“Data-Driven Thinking” is written by members of the media community and contains fresh ideas on the digital revolution in media.
Today’s column is written by Justin Choi, CEO at Nativo.
The Media Rating Council (MRC) hit yet another milestone [PDF] in their viewable impression crusade on Monday by lifting the advisory on viewable impressions for video.
Judging by the expanding list of accredited viewable impression vendors and the increase in industry cheerleaders on this topic, including Randall Rothenberg, the Interactive Advertising Bureau’s president and CEO, the viewable cost per mille (vCPM) charge metric is well on its way toward becoming the next major industry standard for digital media transactions.
While all this momentum is exciting – if you’re still not convinced, check out these two recent public service announcement videos– we still have a ways to go in order to make viewable impressions and the vCPM model a reality in the buying and selling of digital media.
In the MRC’s initial advisory lift on display [PDF] in March, it identified several challenges to establishing standard viewability metrics, such as the varying granularity of measurement, ad vs. ad container measurement and human error. Now that video has been added to the mix, here are a few considerations and potential solutions that may help the industry embrace vCPM as the standard method of transacting digital media.
Media consumption in different formats and on multiple devices: Media spending attributed to multi-screen advertising campaigns is expected to grow from 20% of budgets today to 50% in the next three years, according to a recent study by Nielsen and the Association of National Advertisers. Consumers are now mobile on multiple devices, so we need viewable solutions and a vCPM metric that takes cross-platform consumption into account.
Expanding ecosystem of automation: As larger chunks of media spending move to RTB, exchange-based trading and other automated buying channels, we need solutions to scale vCPM across these programmatic environments. Media buyers embraced programmatic because, among many benefits, it brought massive efficiencies to their responsibilities and helped them maximize value from ad budgets. In order for brands and agencies to embrace vCPM, we need to make it operationally easy for them to adopt the new metric. This can be solved, for example, by incorporating the vCPM metric within programmatic interfaces media buyers use.
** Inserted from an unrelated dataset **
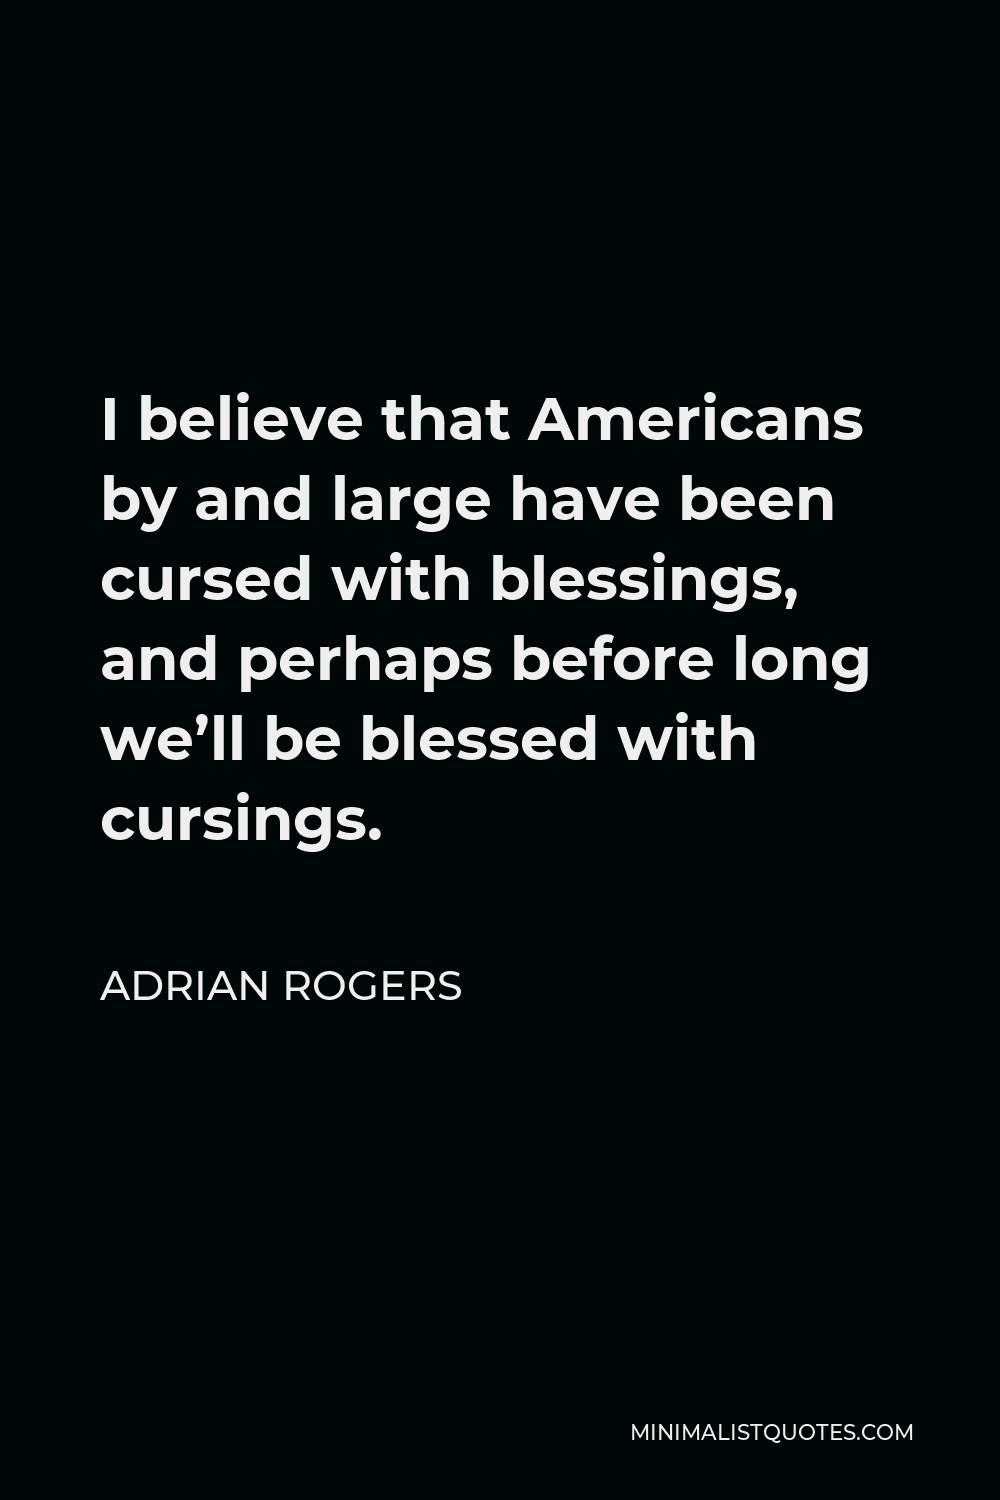 Adrian Rogers Quote - I believe that Americans by and large have been cursed with blessings, and perhaps before long we’ll be blessed with cursings.

Leveraging engagement metrics to complete the story: Viewability only gives insight into whether an ad was in view of the user’s browser, but not necessarily if the user saw it and connected with the brand. To capture this, we also need to measure attention and engagement to prove the extent to which an ad aligned with the user’s interests and mindset at the time of being seen. Average time spent consuming content within the publisher’s site is just one example; by measuring this, along with other advanced attention metrics, we gain insight into users’ active consumption of content, and how successful the brand was in creating content relevant to the user’s experience and interest.
We have a great opportunity with viewable impressions and the vCPM metric to give brand advertisers and media planners peace of mind and greater efficiency with their media buys. At the same time, media publishers, ad providers and ad tech vendors will have significantly more credibility and the ability to extract fair value from the consumer attention they deliver.
“Currently, digital media are the only media segment that do not provide guarantees to advertisers that their ads can be seen – that the ‘opportunity to see’ exists,” Rothenberg once said.
In taking a step back, he brings up an astounding point: In every other advertising medium, buyers have physical evidence that an ad ran and was viewable, including hard copies of newspapers or magazines, billboards prominently displayed on the side of a building, on-air commercial breaks within television programming or in-between popular songs on the radio.
While viewable impressions may not be perfect, they offer a more concrete answer and a better proof of purchase to whether a digital ad had the potential of being seen. I hope this opportunity to innovate is not lost on our fellow industry comrades and that the digital advertising industry at large rises to the occasion and embraces viewability.